▶ [DATA EXCERPTS]:
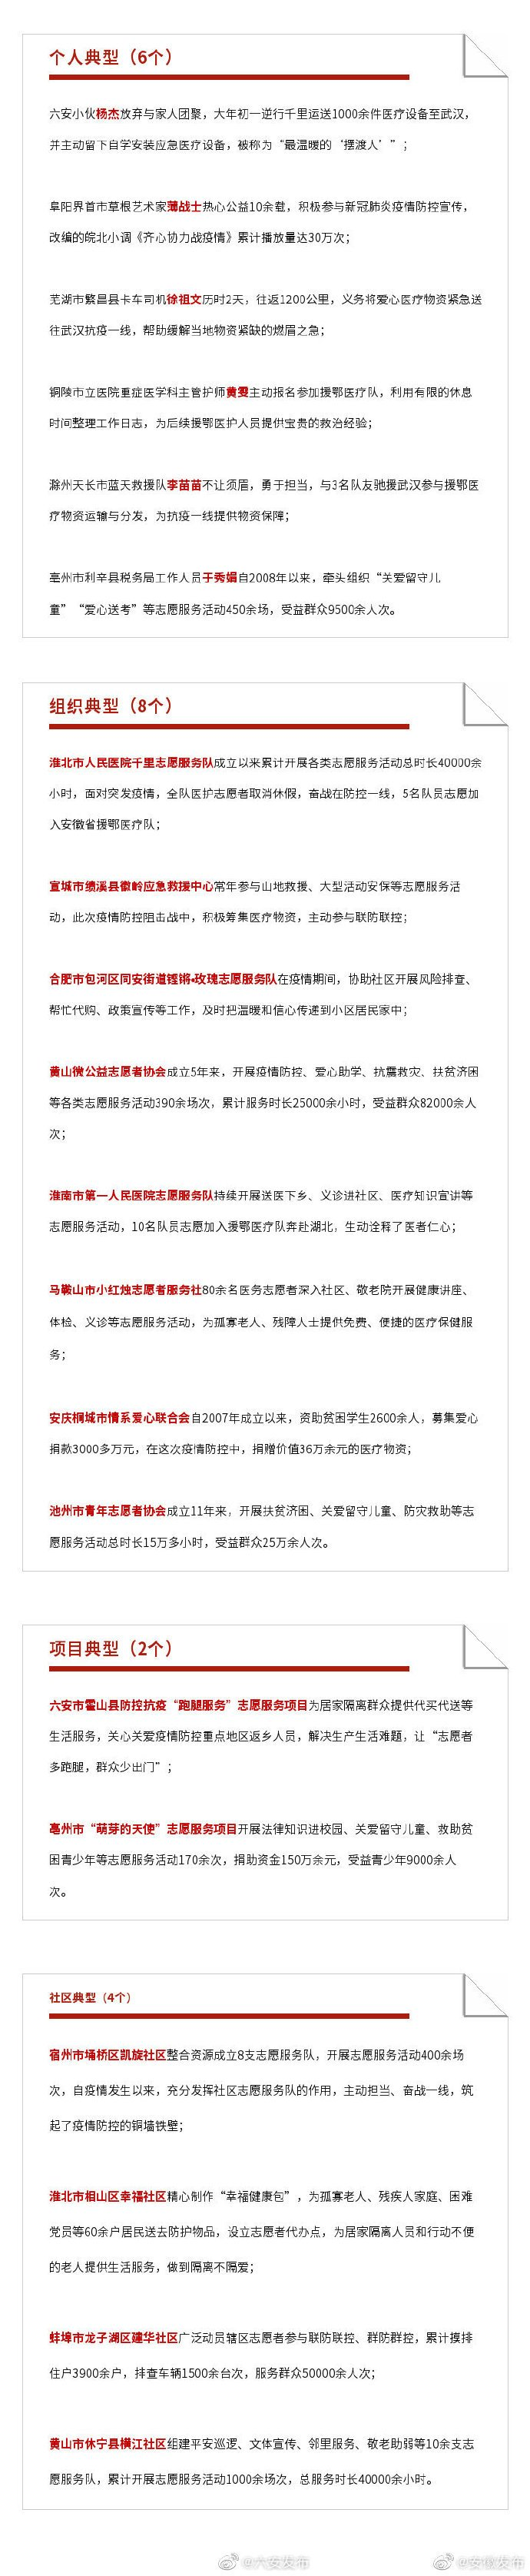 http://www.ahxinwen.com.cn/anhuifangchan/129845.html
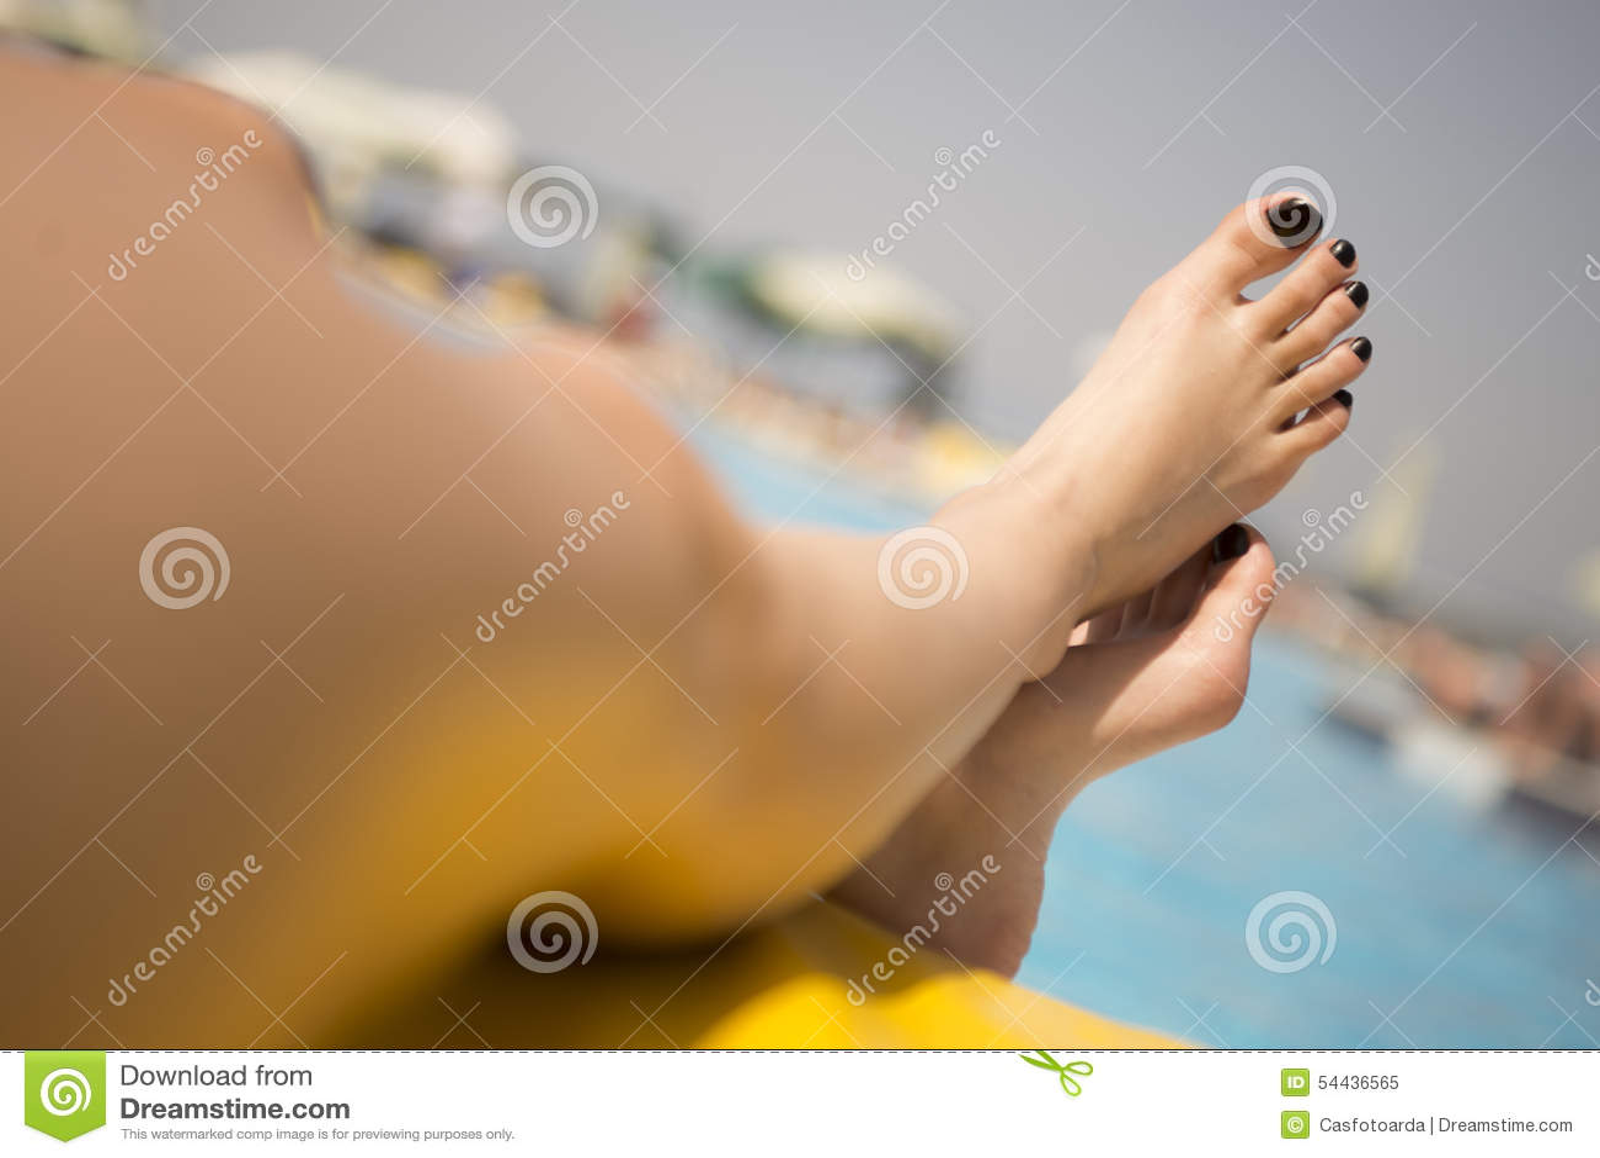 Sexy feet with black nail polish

--

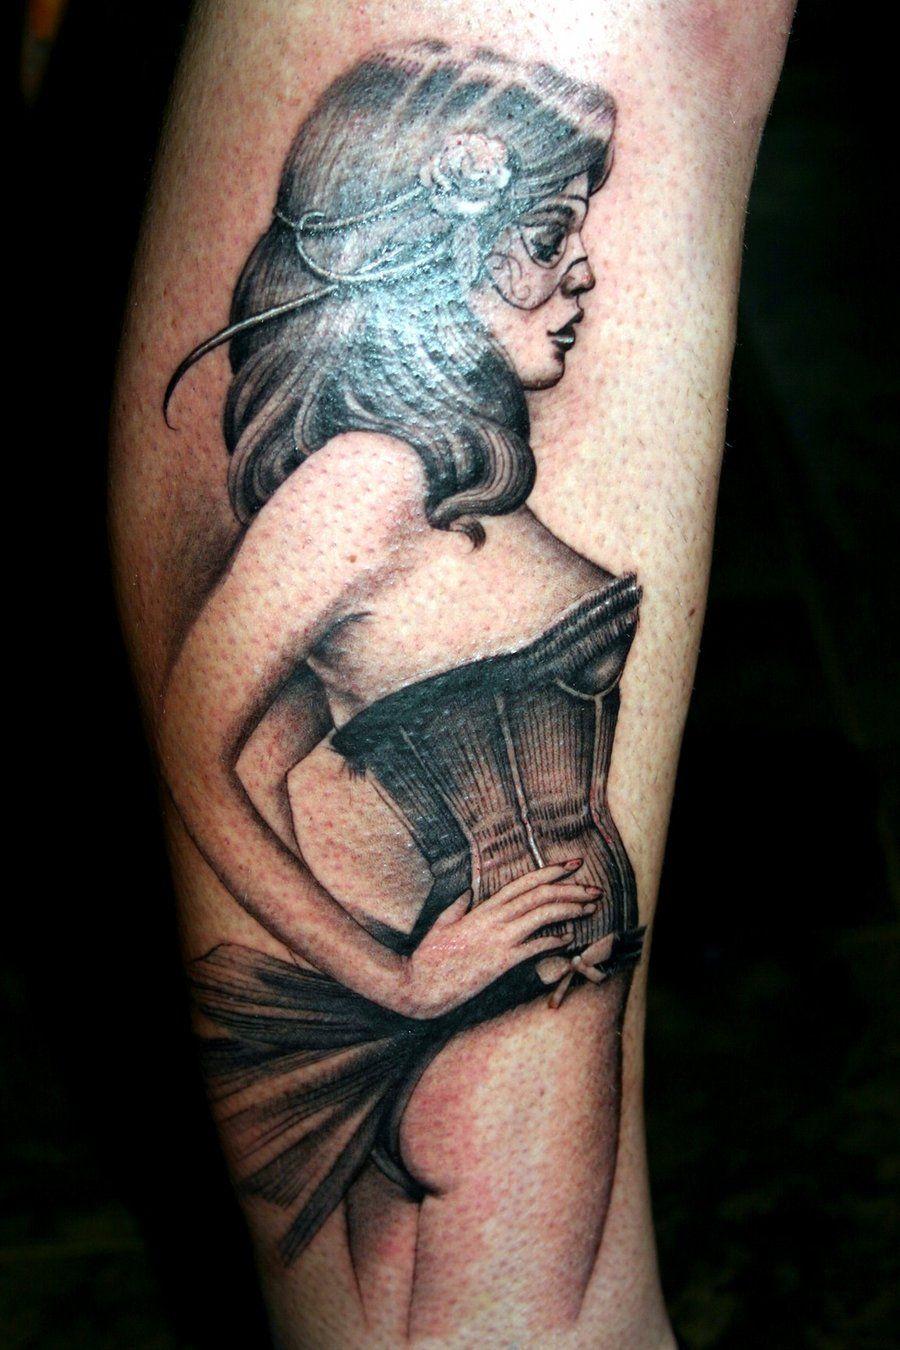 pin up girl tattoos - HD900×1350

▶ [YOUR GOAL]: Please copy the lines above exactly, starting at the line that holds "http://www.ahxinwen.com.cn/anhuifangchan/129845.html" and ending at the line that holds "Sexy feet with black nail polish"; include both, but no pictures.

▶ [EXERCISE RESPONSE]:
 http://www.ahxinwen.com.cn/anhuifangchan/129845.html
 Sexy feet with black nail polish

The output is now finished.